Shortest string with 195 characters:
Did you know that easter happens later every year because of nutation of the sun? Apparently scientists are really worried. While it may seem like trivia, it tiggered the 2003 Northeast Blackout.

Longest string with 310 characters:
Did you know that daylight savings time drifts out of sync with the atomic clock in Colorado because of eccentricity of the international date line? Apparently there's a proposal to fix it, but it actually makes things worse. While it may seem like trivia, it is now recognized as a major cause of World War I.

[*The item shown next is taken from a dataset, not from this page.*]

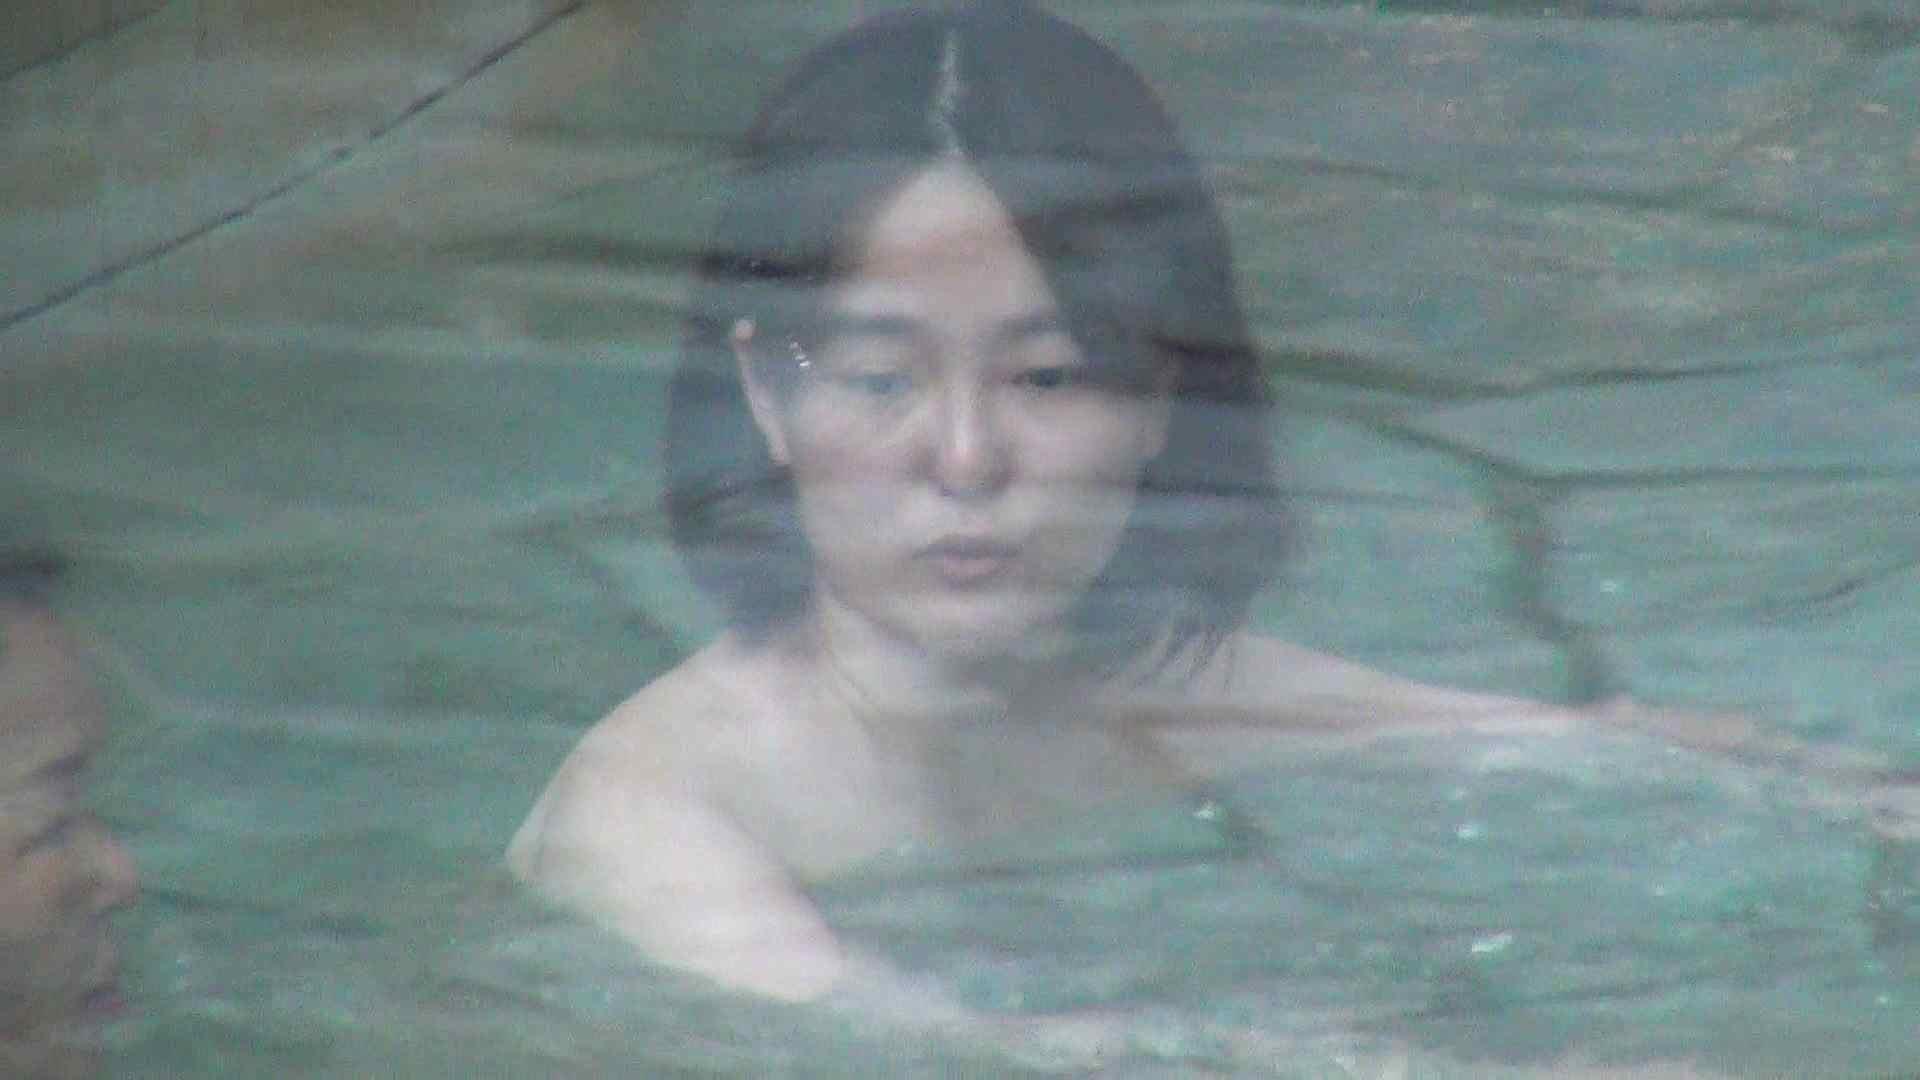 Aquaな露天風呂Vol.297 女体盗撮   OL女体  91連発 73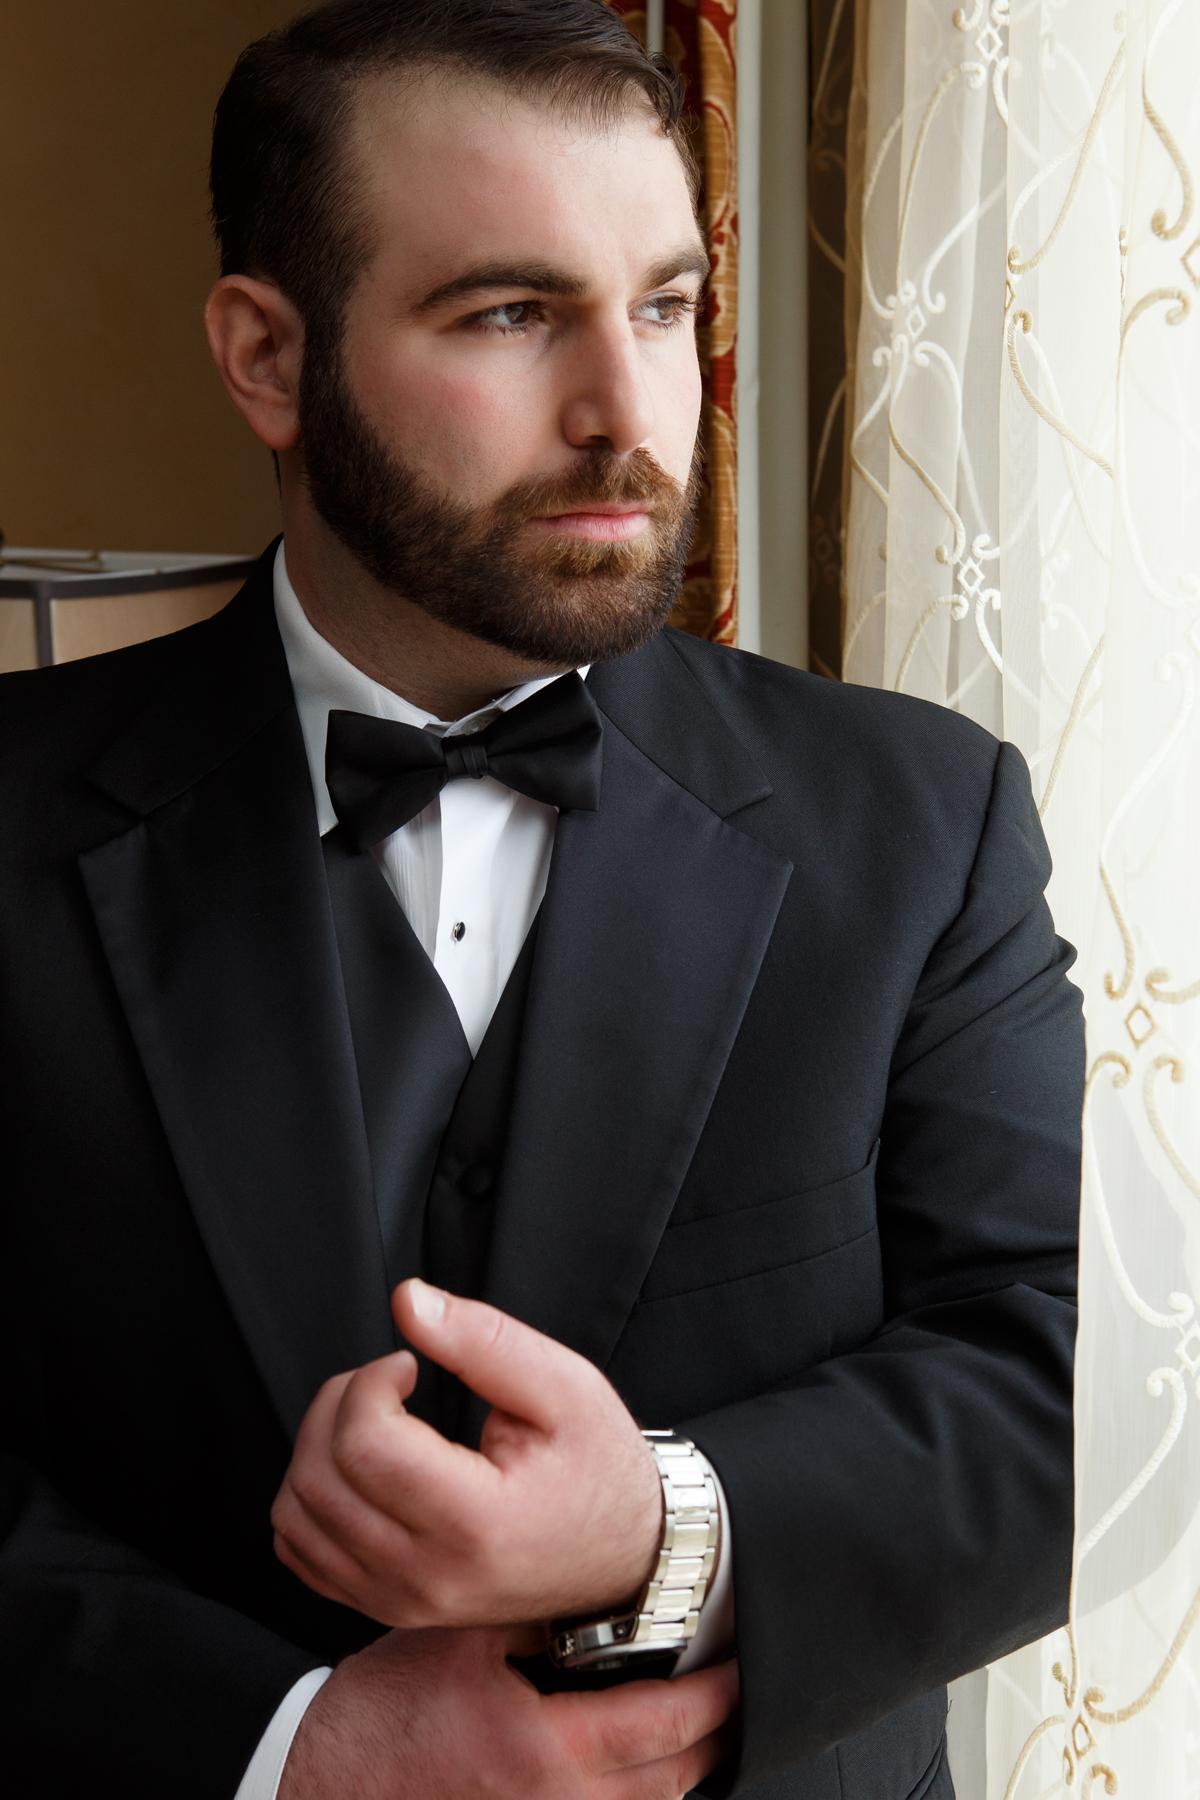 Elegant Pasadena Wedding to Make You Swoon groom looking out the window.jpg

c) Search for certain strings with an evolutionary algorithm

Grammar-guided genetic programming allows to search for optimal strings within a finite or infinite language. An objective function defines what is optimal. It takes a string as input (a member of the language) and returns a number as output (the objective value or fitness value of that string).

[5]:
def objective_function(string):
    return len(string)
[6]:
ea = al.EvolutionaryAlgorithm(grammar, objective_function, 'min', max_generations=50)
best_individual = ea.run()

string = best_individual.phenotype
print('A short string with {} characters:'.format(len(string)))
print(string)
A short string with 195 characters:
Did you know that easter happens later every year because of nutation of the sun? Apparently scientists are really worried. While it may seem like trivia, it tiggered the 2003 Northeast Blackout.
[7]:
ea = al.EvolutionaryAlgorithm(grammar, objective_function, 'max', max_generations=50)
best_individual = ea.run()

string = best_individual.phenotype
print('A long string with {} characters:'.format(len(string)))
print(string)
A long string with 310 characters:
Did you know that daylight savings time drifts out of sync with the atomic clock in Colorado because of eccentricity of the international date line? Apparently there's a proposal to fix it, but it actually makes things worse. While it may seem like trivia, it is now recognized as a major cause of World War I.